The most promising new drug is TMC207. The interim results of a phase II trial comparing MDR TB treatment plus TMC207 versus MDR TB treatment plus placebo were presented at the Interscience Conference on Antimicrobial Agents and Chemotherapy in October 2008. The study showed that the drug was safe and well-tolerated over eight weeks in patients with drug-resistant TB. 47.5% of patients in the TMC207 arm were culture-negative at the end of the eight weeks as opposed to 8.7% in the placebo arm. [10]

COMMENT

In a pre-CROI presentation Charles Flexner of the Division of Pharmacology at John Hopkins University explained the pharmacology of TMC207. He concluded his talk by provocatively suggesting that it should be tested to see if it could eradicate latent TB with a single dose. Flexner’s idea, albeit speculative, is exciting: a large percentage of people in Southern Africa are infected with latent TB with the potential to become active TB if their immune systems are weakened. If TMC207 worked against latent TB, this would be a major breakthrough against the disease. However, Flexner also pointed out the problem that the lack of profitability of TB drugs was a hindrance to pharmaceutical company development.

Also see:  TMC207 reduces time to sputum conversion in phase II trial in patients with drug-resistant TB

Prevention

The standard IPT regimen is 300mg of isoniazid daily for six months. A Cochrane Review has concluded that this reduces the risk of developing active TB in people with HIV, but the review also said that more research was needed to find the best regimen. [12]

Neil Martinson and his colleagues conducted a randomised trial on 1,150 patients to determine if alternative regimens had advantages over standard IPT.

His team compared four regimens:

• Regimen 1: 900mg of rifapentine plus 900 mg of isoniazid once weekly for 12 weeks (n=329)
• Regimen 2: 600mg of rifampicin plus 900 mg of isoniazid twice weekly for 12 weeks (n=329)
• Regimen 3: 300mg of isoniazid daily for the entire trial (an average of nearly 4 years for most of the 164 patients on this arm)
• Regimen 4: Standard IPT regimen (n=328)

There were no statistically significant differences in TB incidence or death between the arms. There was a statistically significant greater number of grade 3 and 4 toxicities in the continuous isoniazid arm (regimen 3). 54 patients were tested for resistance. One had rifampicin resistance (regimen 1), one had streptomycin resistance and three had MDR-TB (one in regimen 3 and and two in regimen 1).(13)⁠

Since none of these regimens proved superior to the standard regimen, it should continue to be the TB prevention regimen of choice. However, the effectiveness of the other regimens was not inferior either and in some settings or with some patients it might make sense to use them.

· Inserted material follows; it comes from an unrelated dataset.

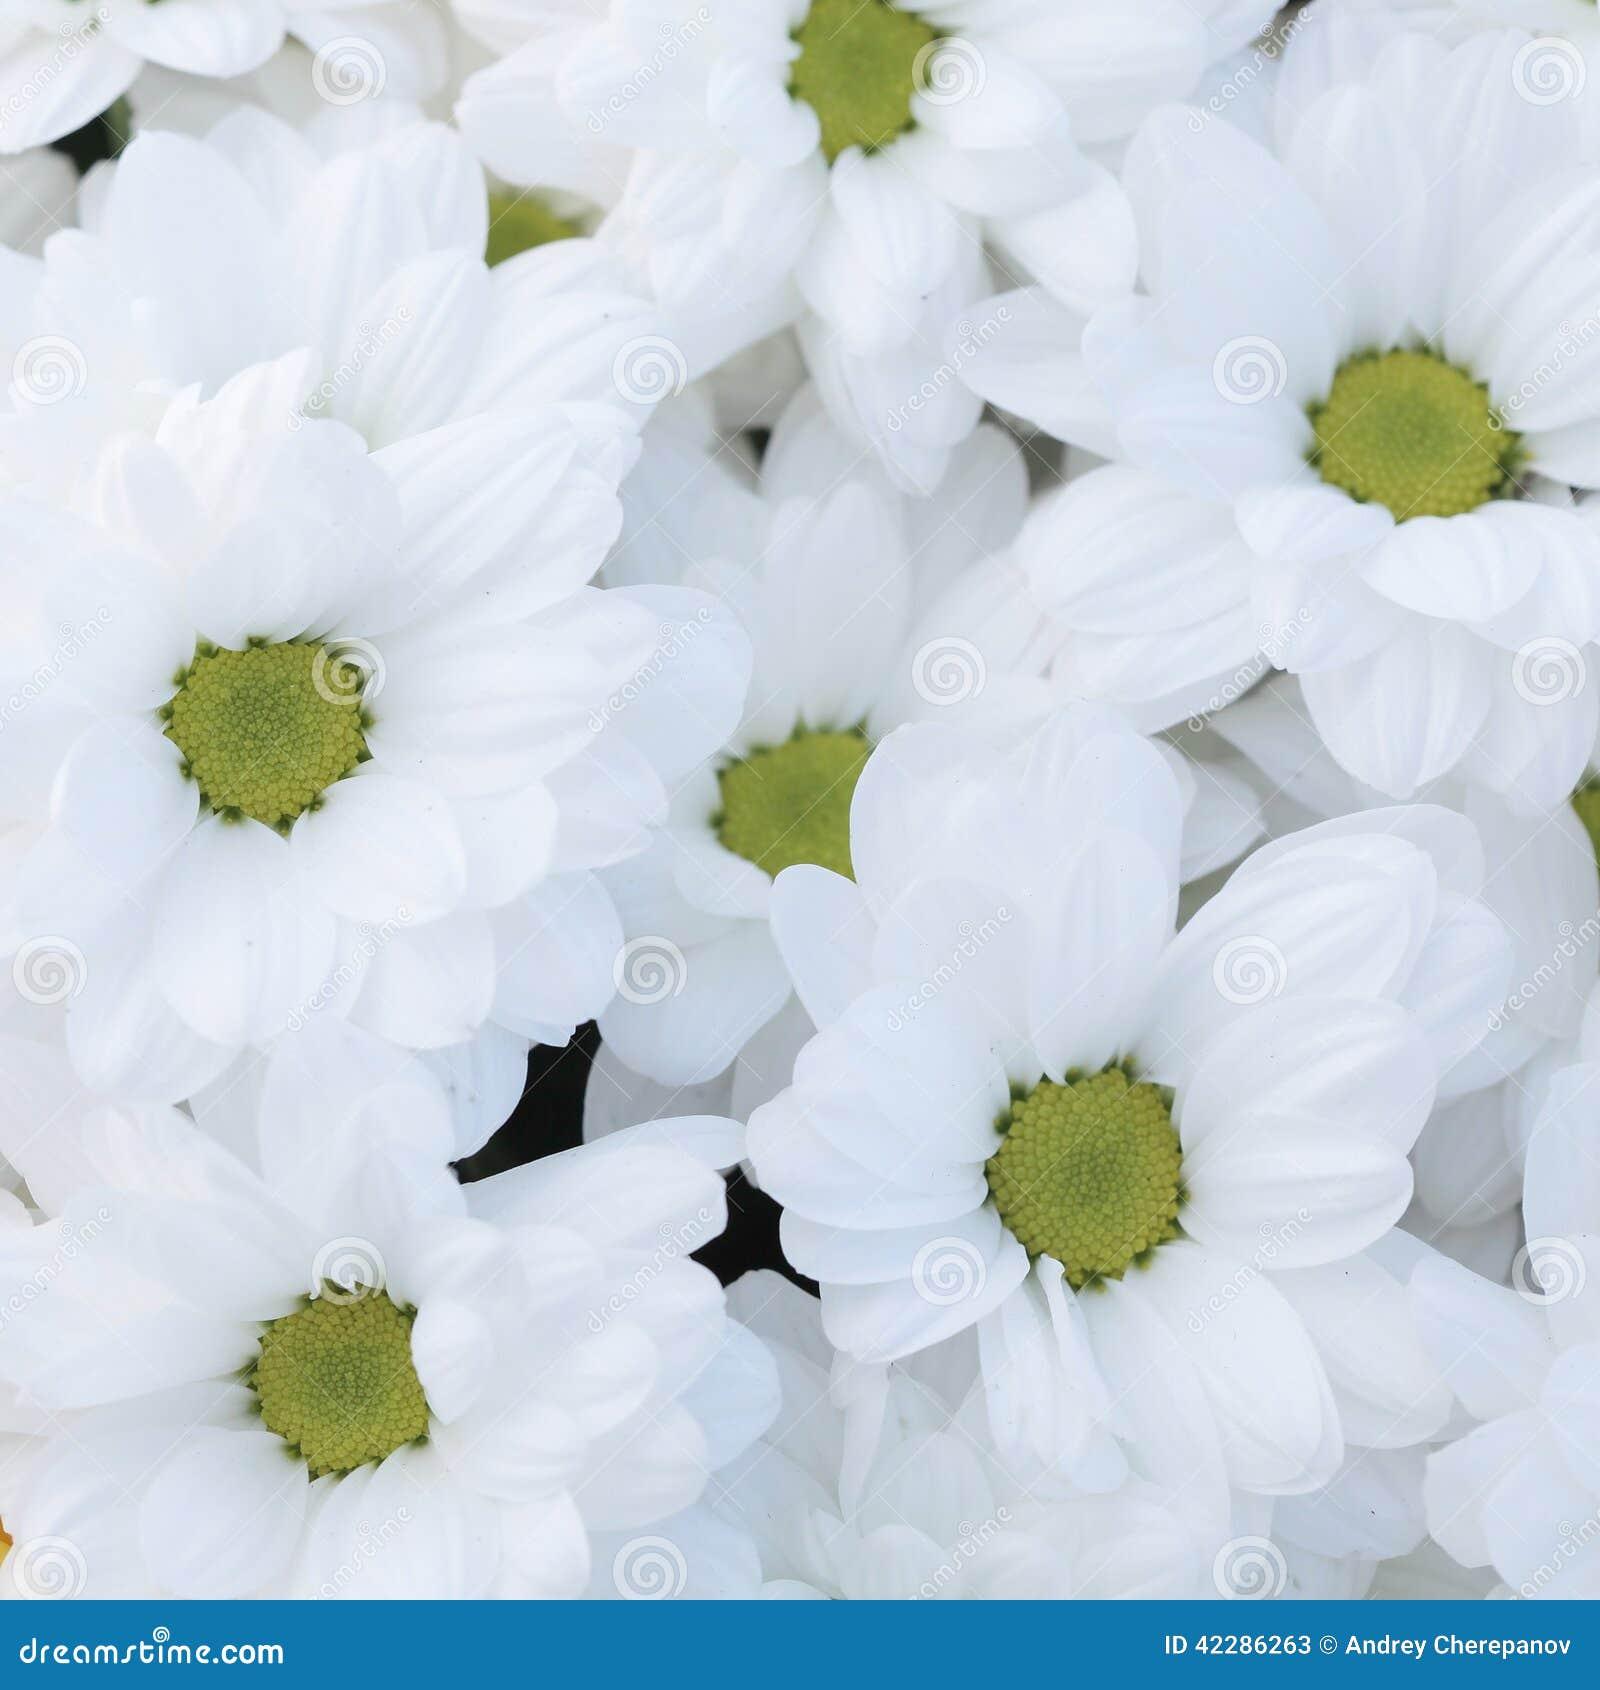 Unusual Beautiful Tender White Flowers Background Stock Image

Drug-resistant TB: news on drug-resistant TB in South Africa continues to be concerning

A poster by Max ‘O Donnell presented data on XDR TB patients at King George V Hospital in Durban. In 2006-2007, 1,771 cases of MDR TB and 242 cases of XDR TB were referred to the hospital. O’Donnell and his team specified a six-month study period, in which they attempted to enrol 72 XDR TB patients. Four refused enrolment, six died prior to starting treatment and two had insufficient data, leaving a cohort of 60. The patients were transferred to the hospital from 26 different health facilities representing seven of the province’s 11 districts. This implies that XDR TB is quite diffuse in Kwazulu-Natal. 25% of patients came from Tugela Ferry, 11% from Durban and 8% from Pietermaritzburg. 43 were HIV-positive, 12 negative and the remainder unkown. 21 were on HAART. At least 11 had never been treated previously for TB and at least 28 had never been treated for MDR TB. Three were health workers.

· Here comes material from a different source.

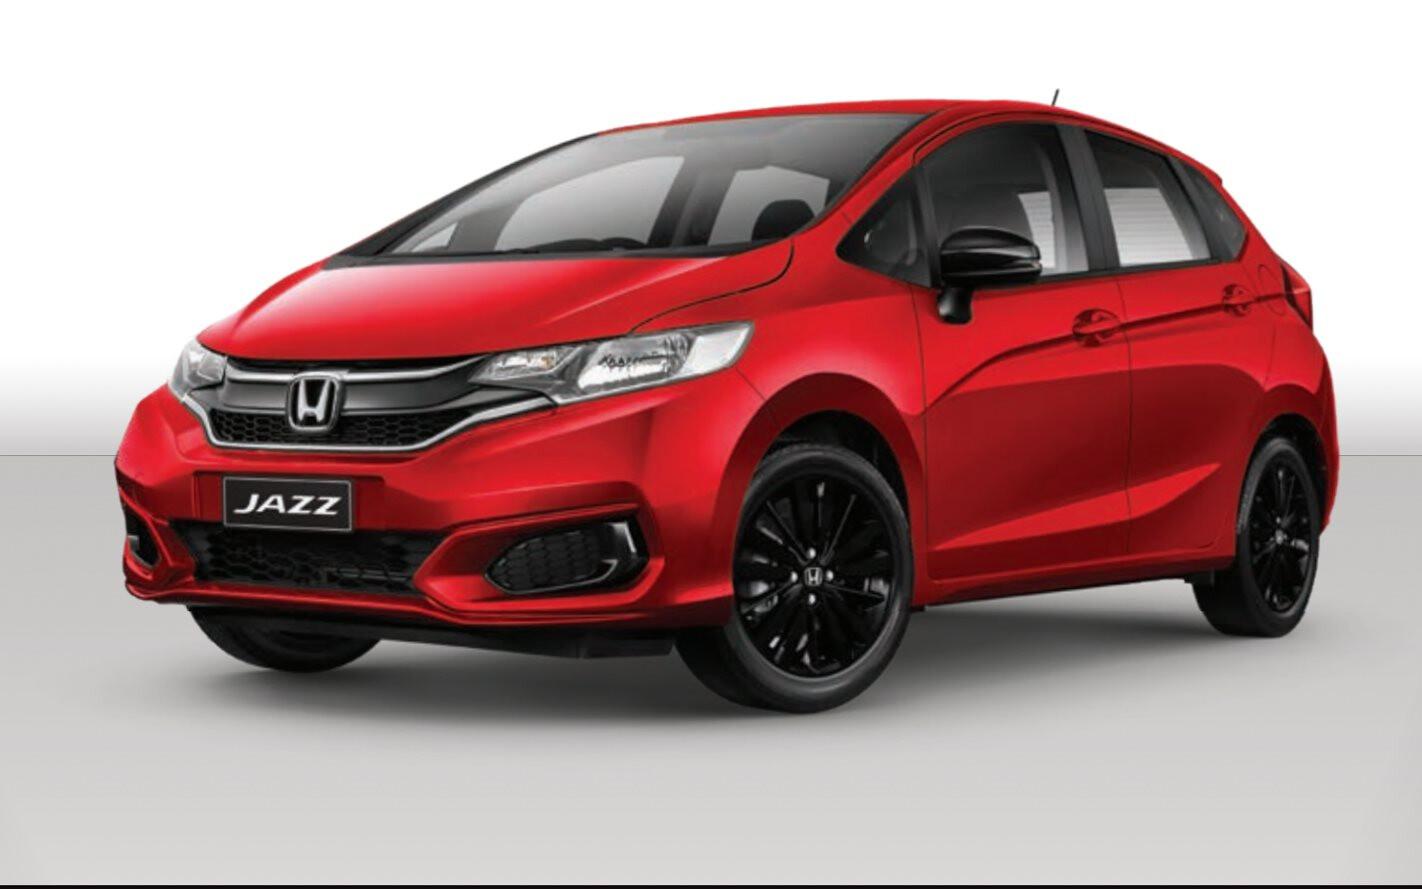 2021 Honda Jazz Final Edition

25 died and 6 defaulted, meaning that less than half were alive and accounted for by the end of the six month study period. Only 12 patients had converted to a negative culture. 17 were still in treatment. Interestingly, HIV disease increased the risk of death but this increase was not statistically significant, quite likely because the sample was too small to detect it. [14]

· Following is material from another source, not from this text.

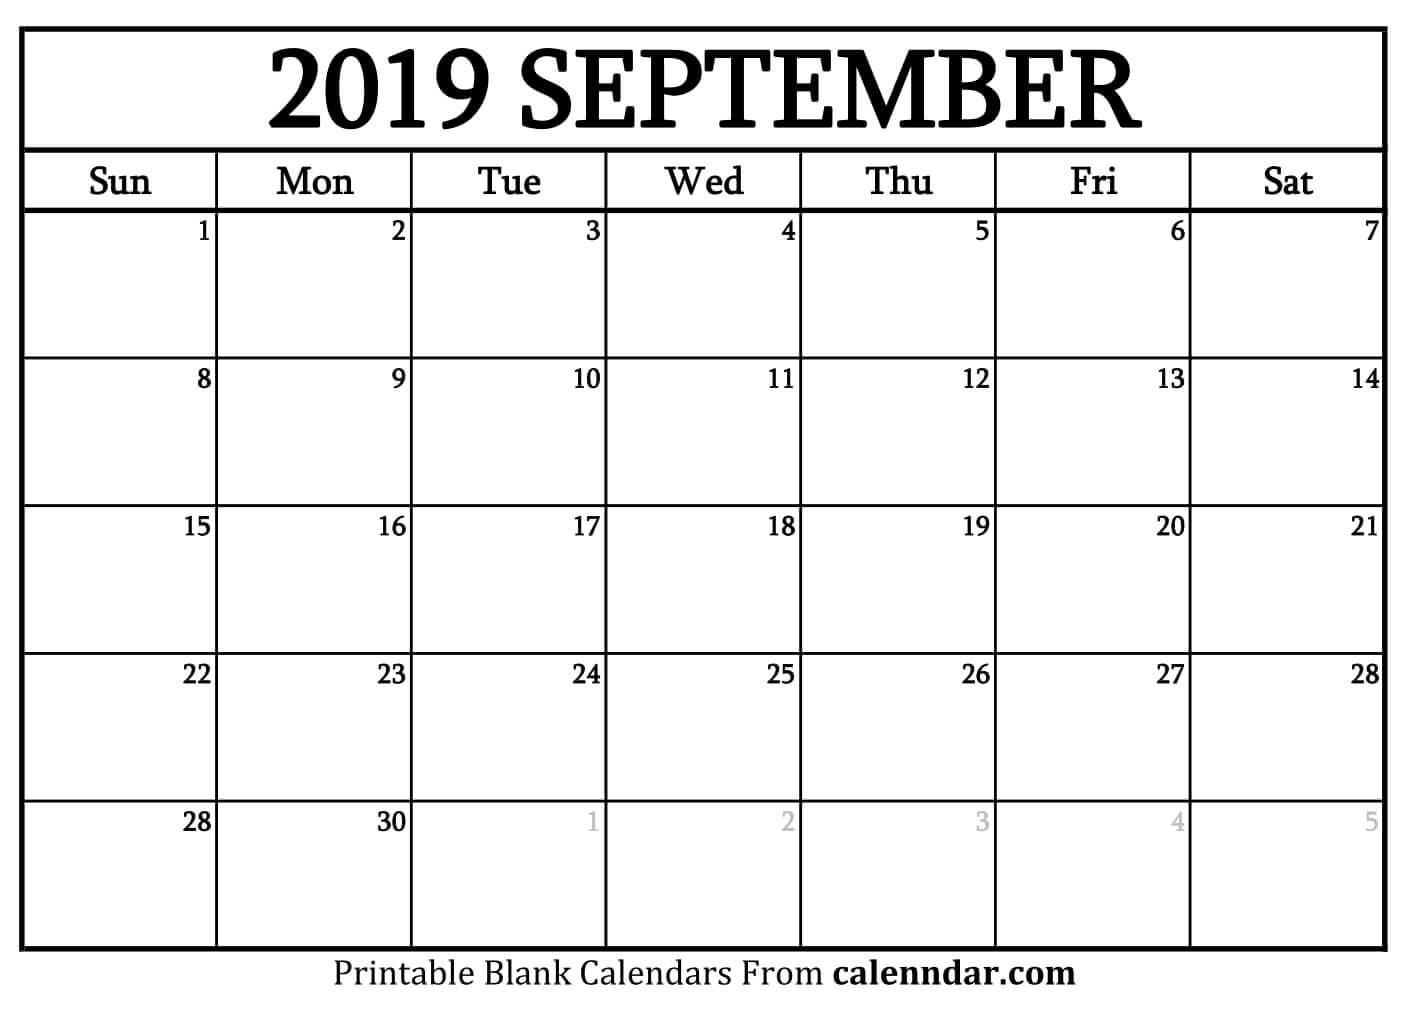 Blank September 2019 Calendar Templates – Calenndar Calendar Of 2019 September

So while some treatment success was achieved, the outcomes for XDR TB remain very poor.

This was confirmed by a study from Tugela Ferry by Neel Gandhi and colleagues, which found extremely high mortality rates in patients with MDR and XDR TB. They used the local TB register to identify drug resistant cases diagnosed from 2005 to 2007. They found 272 MDR TB cases and 382 XDR TB cases. One-year mortality was 82% and 69% for XDR and MDR cases respectively.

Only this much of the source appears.